Nel caso di specie, esaminata la documentazione presentata, a parere dell’Agenzia delle Entrate l’accordo transattivo non sembra avere avuto natura novativa bensì dichiarativa, poiché la causa che giustifica la riduzione del prezzo originariamente convenuto ha trovato comunque fondamento nel rapporto originario sussistente tra le parti.

L’art. 26, comma 2, del Dpr. n. 633/72 stabilisce che “se un’operazione per la quale sia stata emessa fattura, successivamente alla registrazione di cui agli artt. 23 e 24, viene meno in tutto o in parte, o se ne riduce l’ammontare imponibile, in conseguenza di dichiarazione di nullità, annullamento, revoca, risoluzione, rescissione e simili o per mancato pagamento in tutto o in parte a causa di procedure concorsuali o di procedure esecutive individuali rimaste infruttuose il cedente del bene o prestatore del servizio ha diritto di portare in detrazione ai sensi dell’art. 19 l’Imposta corrispondente alla variazione, registrandola a norma dell’art. 25”.

Il successivo comma 3 prevede che la disposizione di cui al comma 2 “non può essere applicata dopo il decorso di un anno dall’effettuazione dell’operazione imponibile qualora gli eventi ivi indicati si verifichino in dipendenza di sopravvenuto accordo fra le parti”.

In ragione di quanto sopra, in merito al caso di specie, la riduzione del prezzo convenuto tra le parti del contratto, in virtù dell’accordo transattivo avvenuto, costituisce presupposto per l’emissione della nota di variazione.
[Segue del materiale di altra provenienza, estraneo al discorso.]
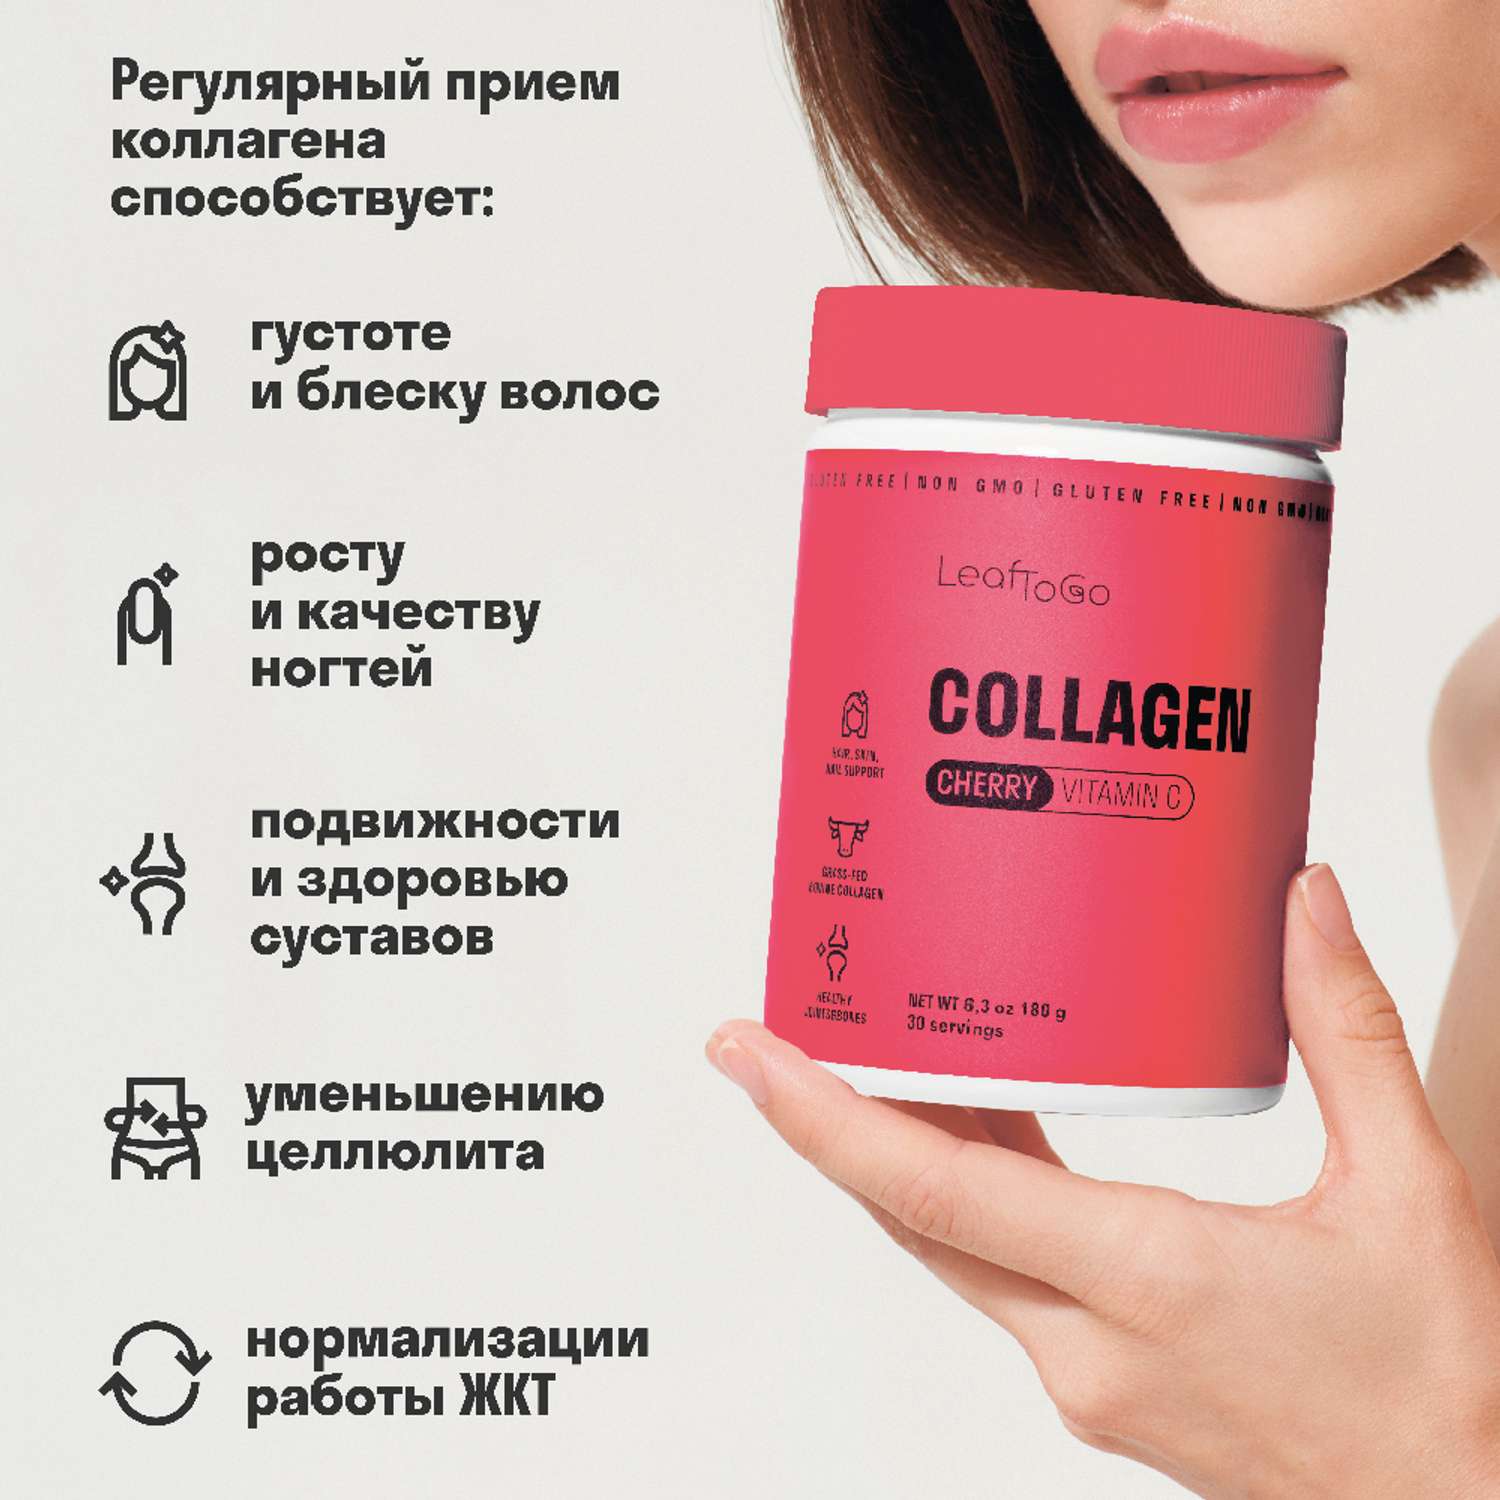 Collagen vitamin c отзывы. Коллаген leaftogo. Leaftogo коллаген с витамином c. Коллаген для волос витамины. Коллаген leaftogo порошковый.
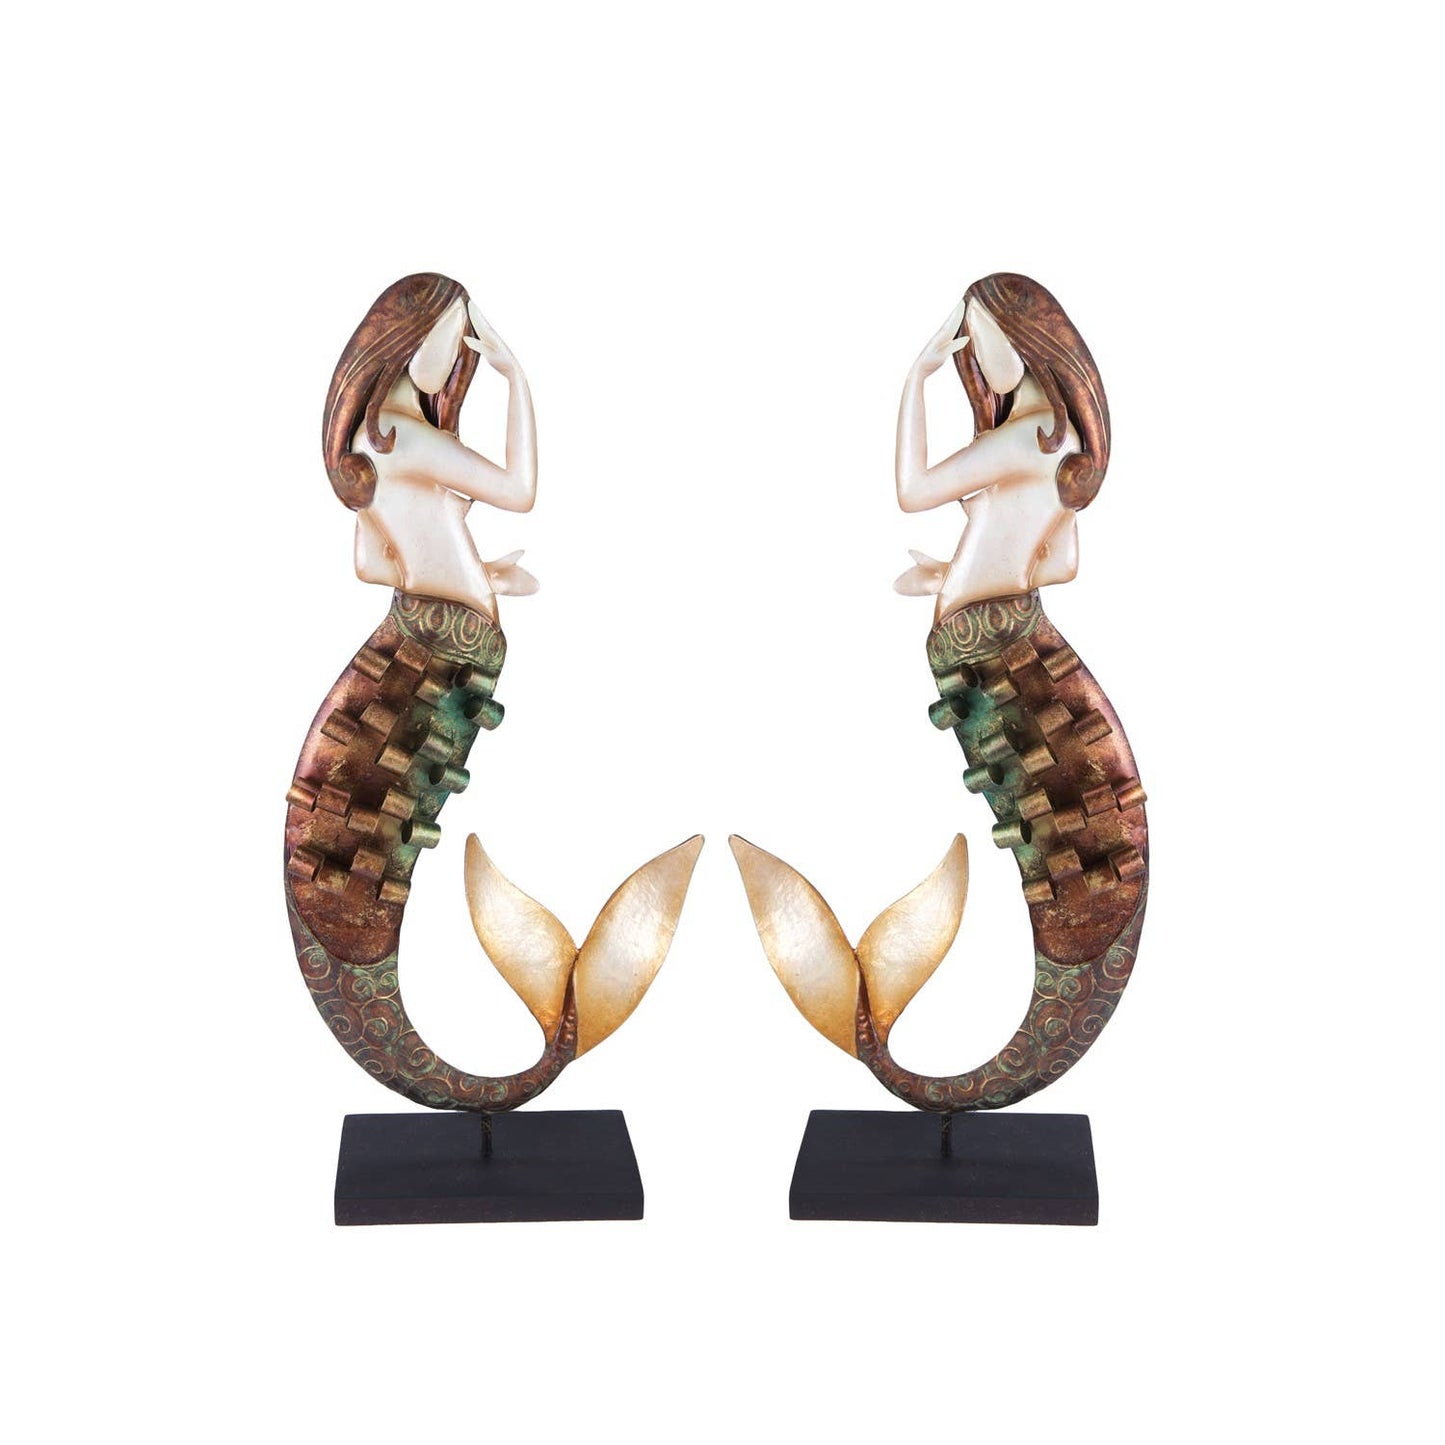 Beachcombers - Set of 2 Metal Mermaid Figures

Detta riduzione è avvenuta non per disposizione del Giudice ma per accordo tra le parti. Come si evince infatti dagli atti, il tentativo di conciliazione non era andato a buon fine e le parti si erano riservate “di sentirsi in separata sede al fine di verificare la possibilità di eventuali ipotesi transattive”. Successivamente, una delle 2 parti ha presentato proposta di conciliazione alla quale ha aderito la controparte, raggiungendo così un accordo transattivo ma di carattere non novativo.

Pertanto, a parere dell’Agenzia delle Entrate, potrà essere emessa nota di credito solo per la parte imponibile e non anche per l’Iva, nel rispetto dell’art. 26, comma 3, del Dpr. n. 633/1972, essendo trascorso oltre un anno dalla data di effettuazione dell’operazione.